SABMiller used its half-year results today (19 November) to announce that it has begun a four-year restructuring programme to "streamline" finance, human resources and procurement activities.

Job cuts are expected across the SABMiller's global business. But, Mackay insisted to just-drinks in a conference call for media that cuts "will not be significant" and are not the main focus of the plan, which aims to save the brewer $300m annually from 2014.

The move will involve "retraining staff to act in a different way" and will give them more of a commercial focus, he said. 

Savings will be achieved by "deploying global information systems, establishing a global procurement operation and selectively outsourcing certain activities", said the brewer, which owns Miller Genuine Draft and Peroni Nastro Azzurro beers.

Mackay said that "most regions will be affected" by the programme.

Unfavourable currency rates saw SABMiller net sales for six months to the end of September slip 6% on the same period a year earlier, to $13.3bn from $14.2bn.

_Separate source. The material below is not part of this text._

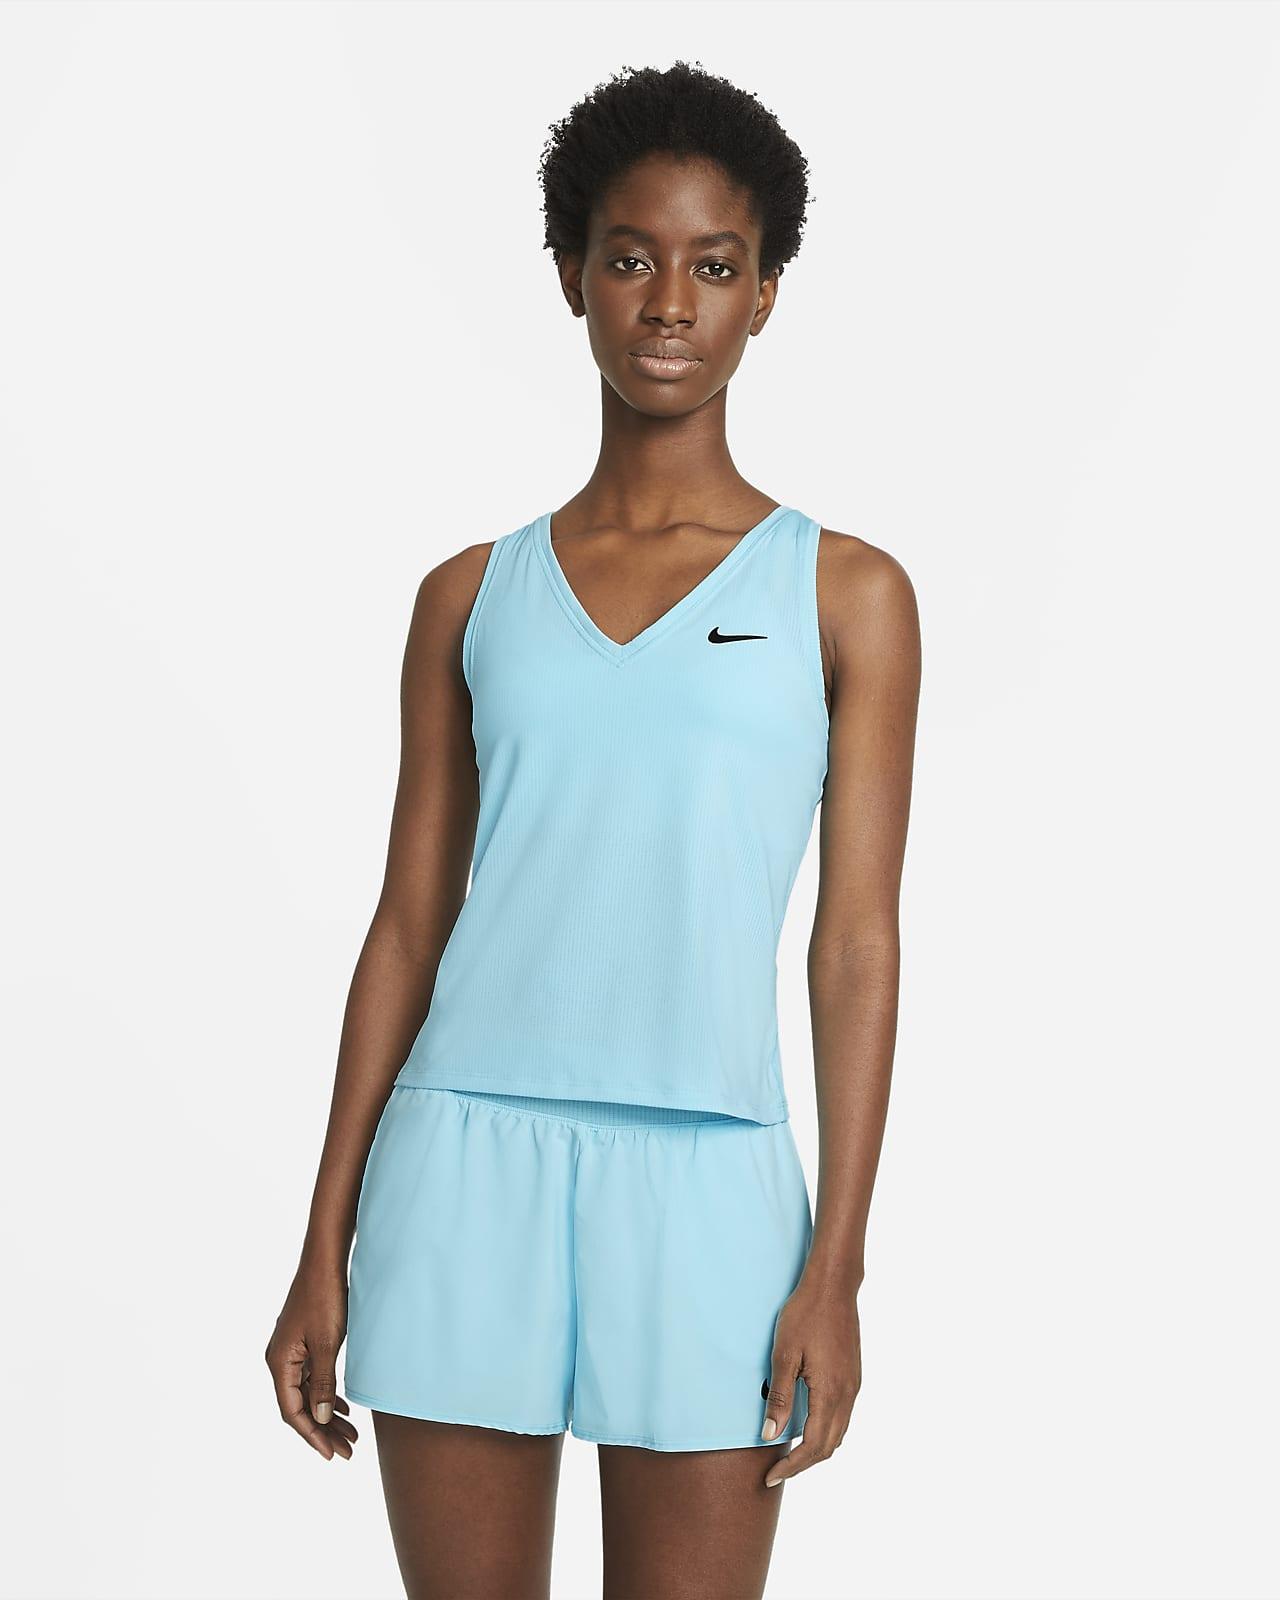 NikeCourt Victory Women's Tennis Tank

Pre-tax profits fell by 26% for the half-year, but adjusted net earnings for the period rose to $1.2bn from $1.1bn last year.

SABMiller's share price rose by 4% on the London Stock Exchange following today's announcement.

Analyst group Sanford C Bernstein said in a note that sales were "slightly below expectations" but that like-for-like operating profits growth of 11% was ahead of analysts' consensus prediction.

SABMiller dampened hopes of a quick economic recovery in its main markets with a cautious outlook on beer sales. "We expect the current trading conditions to continue in the second half, as unemployment, retail spending and other consumer indicators lag the reported stabilisation of gross domestic product in many of our markets," it said.

Global lager sales by volume fell 1% for the half-year on a like-for-like basis, with growth in Asia and Africa unable to offset falls of 6% in Europe, 5% in North America, 3% in South Africa and 1% in Latin America.

In Europe, Russia was particularly tough, as it has been for other brewers in 2009. SABMiller said it lost both volume and market share in Russia as consumers traded down from its premium beer portfolio.

Speaking to just-drinks on the Russian Government's plan to triple duty tax on beer in Russia from 2010, Mackay said SABMiller has been actively involved in lobbying efforts alongside other brewers.

However, he said SABMiller was likely to fare better than some. "Of course, it is not a positive development, but our business in Russia is relatively small," said Mackay, adding that the rise will hit cheaper brands hardest.